As the Country Blues began to be recorded, in the mid-1920s, it soon became apparent that the music was being played and appreciated not only by African-American musicians and audiences, but by white musicians and audiences as well. Many of these white musicians played with and learned from black musicians, for even in the Jim Crow Era there was always a good deal of musical interaction and exchange. So it is that the term "Hillbilly Blues" can be used to describe the music made by white musicians of that era in the Country Blues style.
Included on this DVD are songs from Clarence Greene, known mostly as a fiddler, but an ace guitarist, Dick Justice, who in his one day in the recording studio waxed ten masterful performances, Frank Hutchison who excelled at lap slide, harmonica on a rack and conventional blues picking, Sam McGee, a banjo and guitar master who went on to star on the Grand Ole Opry, Hobart Smith, a musical powerhouse, Maybelle Carter, a rocksteady and beautifully lyrical player who may have been the most influential of the bunch and Emry Arthur, a soulful singer and player who recorded one of the earliest versions of Man Of Constant Sorrow.
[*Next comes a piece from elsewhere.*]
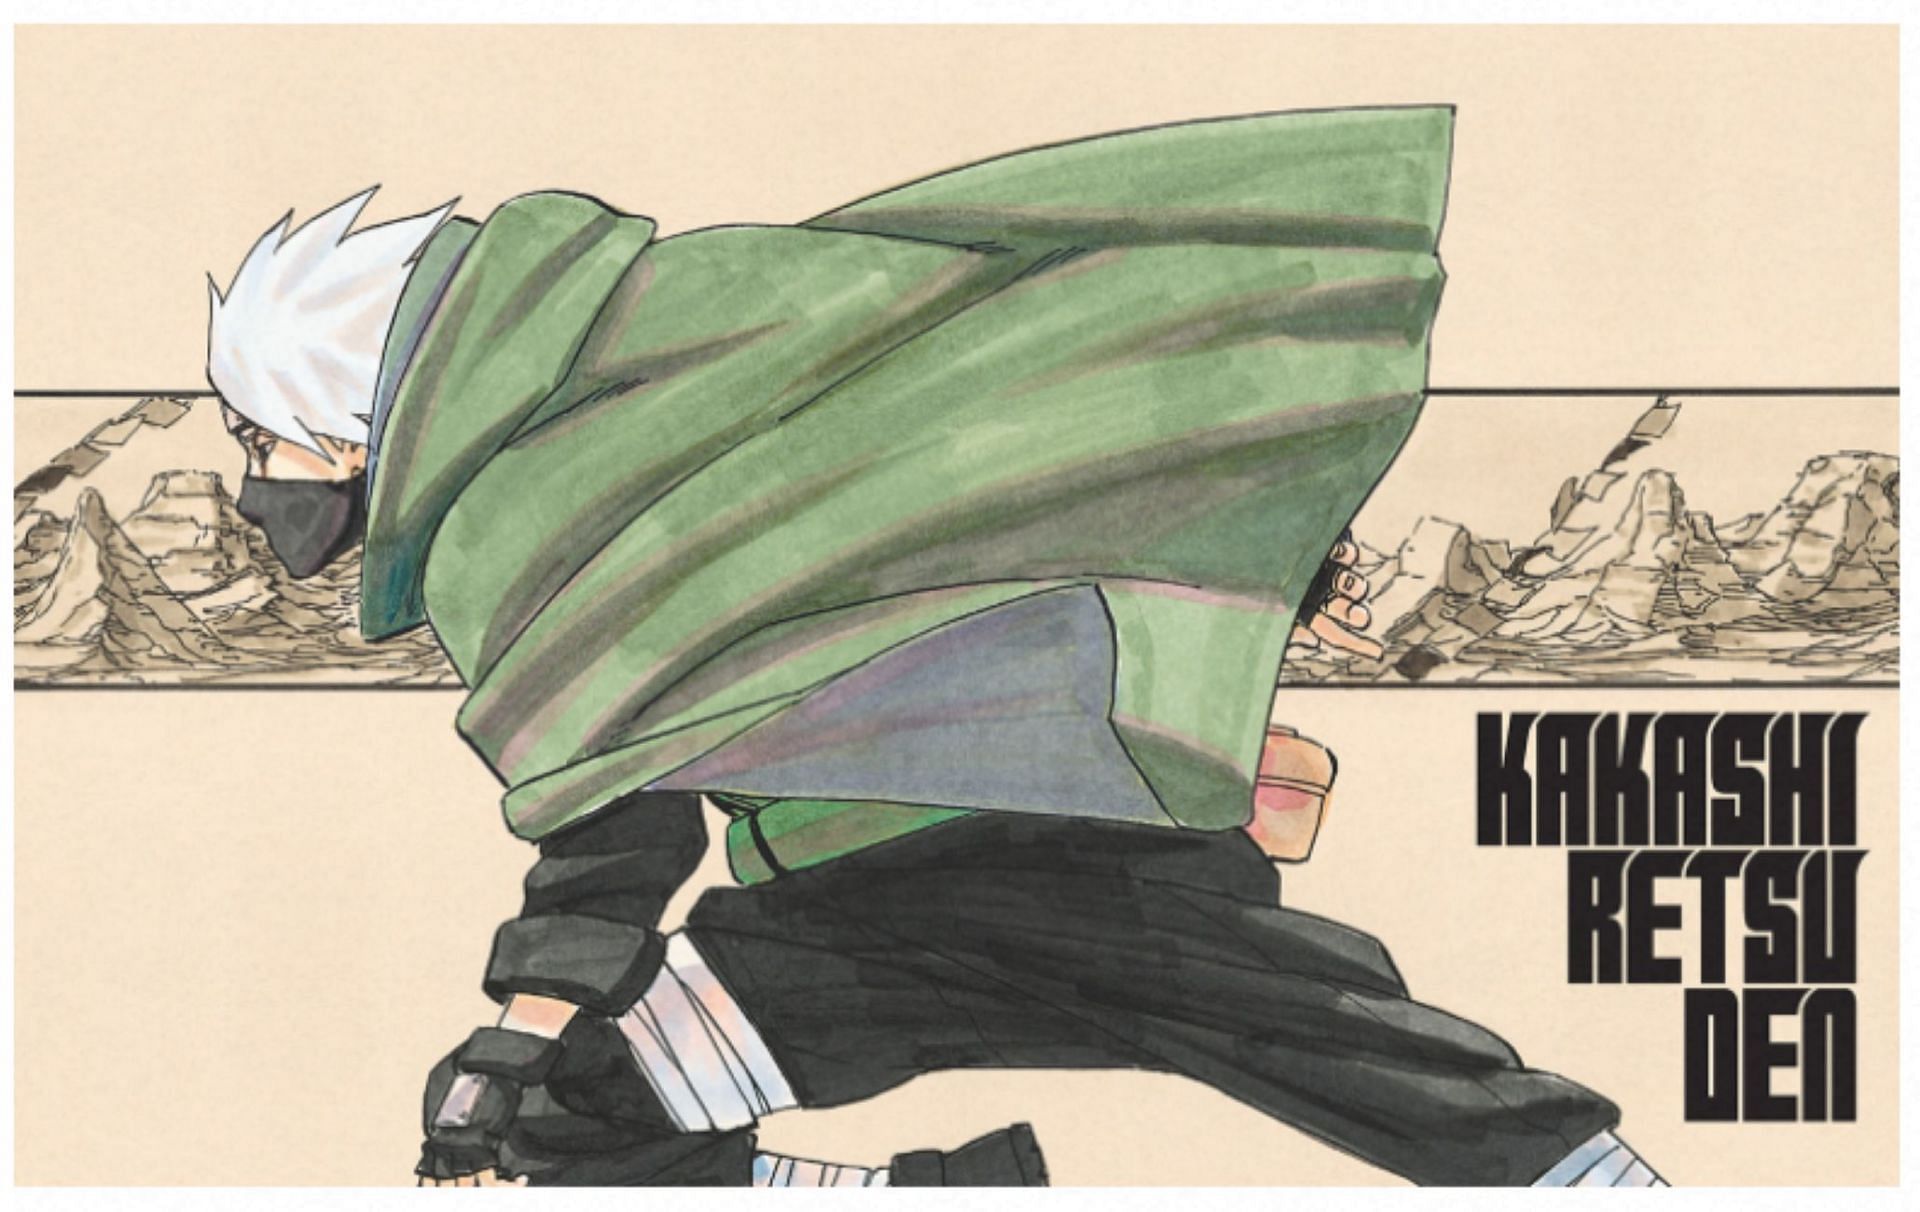 Kakashi Retsuden cover (Image via Masashi Kishimoto/Shueisha)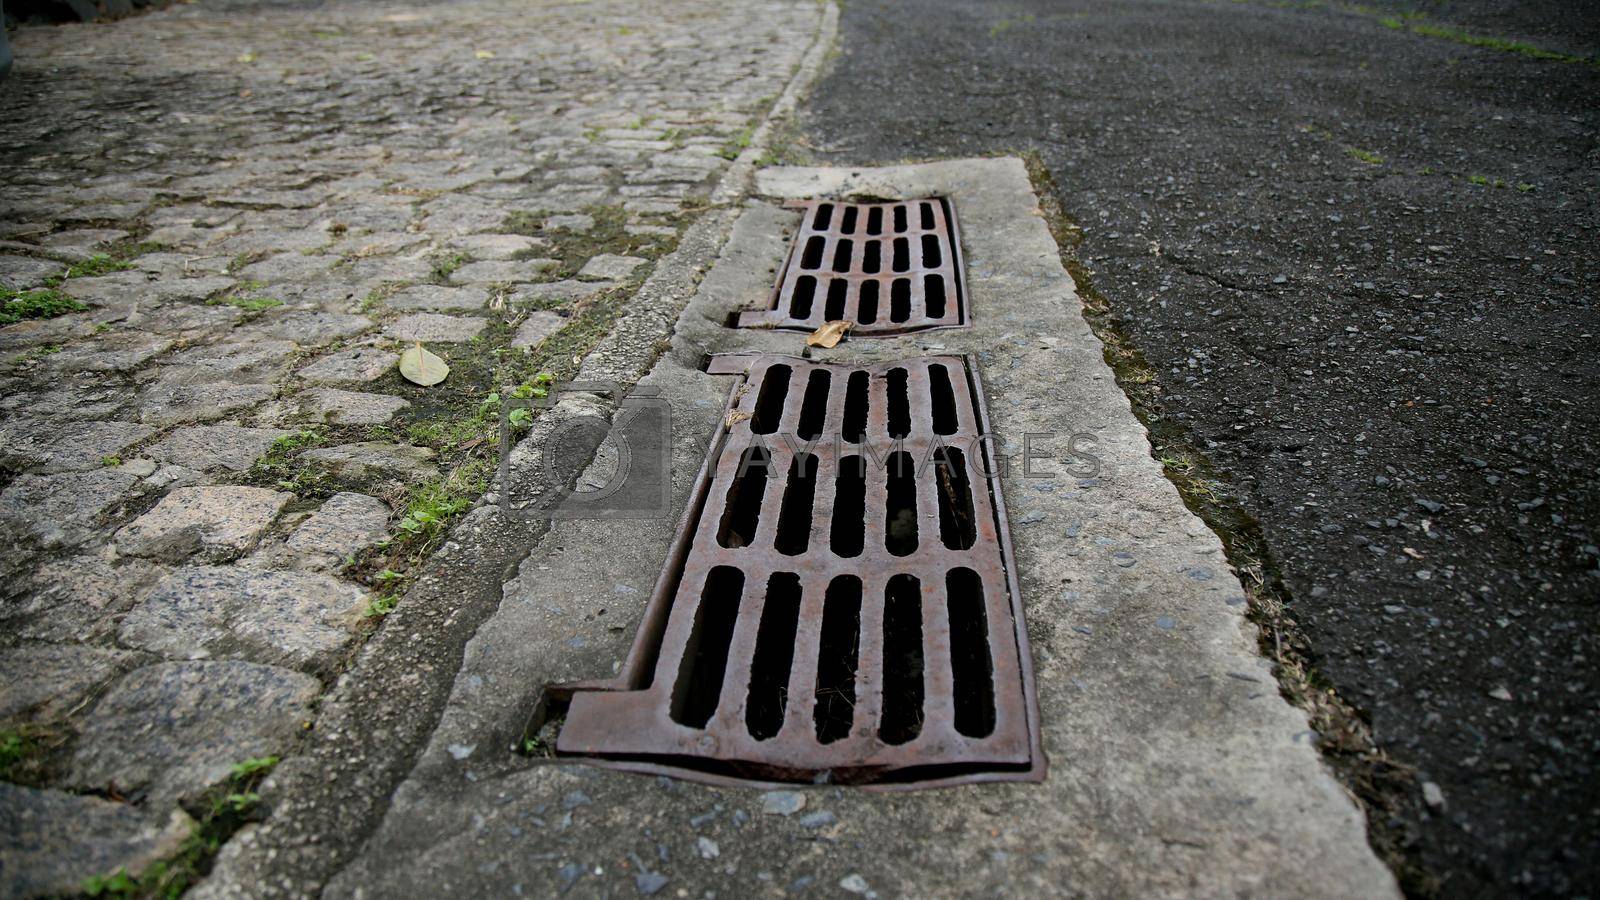 Royalty free image of manhole grating for rainwater drainage by joasouza

The songs selected for inclusion on the DVD have been chosen to introduce you to a variety of different keys and playing positions, as well as a host of different right hand techniques.
A PDF included on the DVD offers not only detailed transcriptions of the songs, but the songs' lyrics, too. All of the original performances by the musicians are included on the DVD as bonus tracks, both as references and for your listening enjoyment.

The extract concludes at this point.